'Dance a yard before you dance abroad': reggae as a music production culture in Jamaica and in Britain 1968 - 1981

Lead Research Organisation: Birmingham City University
Department Name: ADM Birmingham School of Media

Abstract

This project explores reggae's emergence as a music and a culture in Jamaica and Britain from 1968 to 1981: the period between the release of the first recognised reggae record - "Do the Reggay" by Toots & The Maytals - and the death of the music's international ambassador, Bob Marley. Such a project raises significant issues about:

- the internationalisation of popular music forms beyond the influence of US music on Europe;
- the profound role of recorded music in national popular culture and the way that relates to cultural changes that result from migration;
- and the insights that can be gained into the production of culture from a study of the cultures of music production.
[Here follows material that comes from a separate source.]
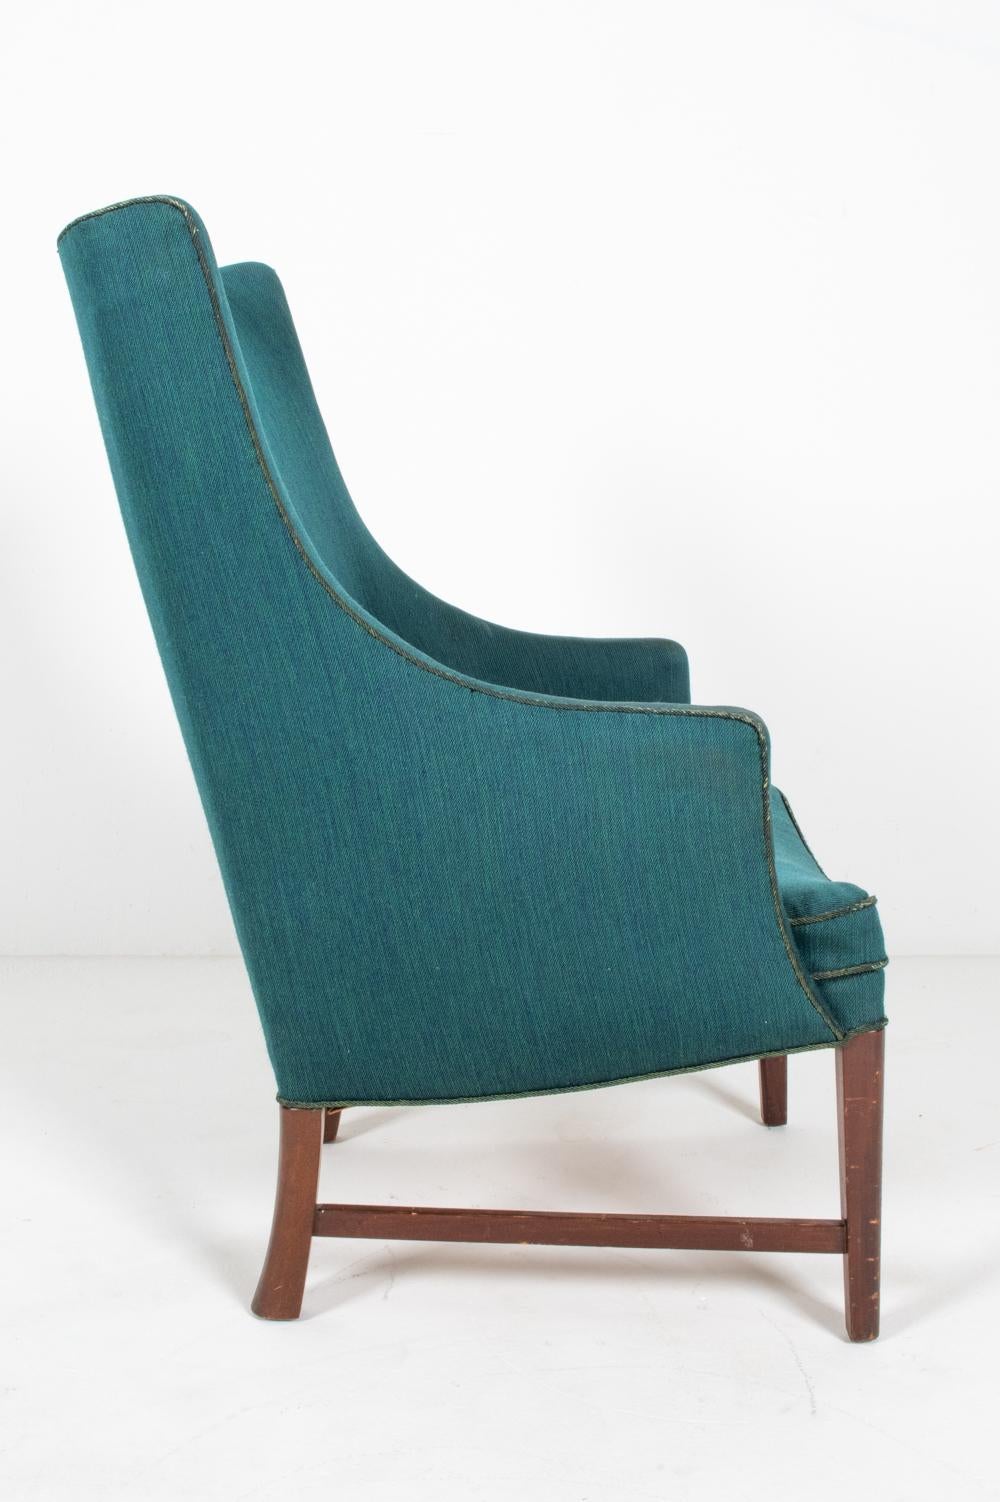 Frits Henningsen Danish Highback Lounge Chair, c. 1940's For Sale 10

While cultural studies of popular music have been attentive to reggae as a consumption culture (Hebdige 1979, 1988; Jones 1988), and there have been a slew of journalistic histories and star biographies (Barrow and Dalton 1997; Bradley 2001), we lack historically and culturally-located studies of this influential music. Accordingly, I avoid simple chronology, detailed study of fandom, and developments beyond 1981. Instead, I account for the way the different musical cultures of Jamaica and Britain produced diverse meanings for the music and how the one incorporated (and sometimes was appropriated by) the other. This is a timely response to questions raised by the Windrush Scandal and Black Lives Matter movement, and the success of Steve McQueen's Small Axe television series.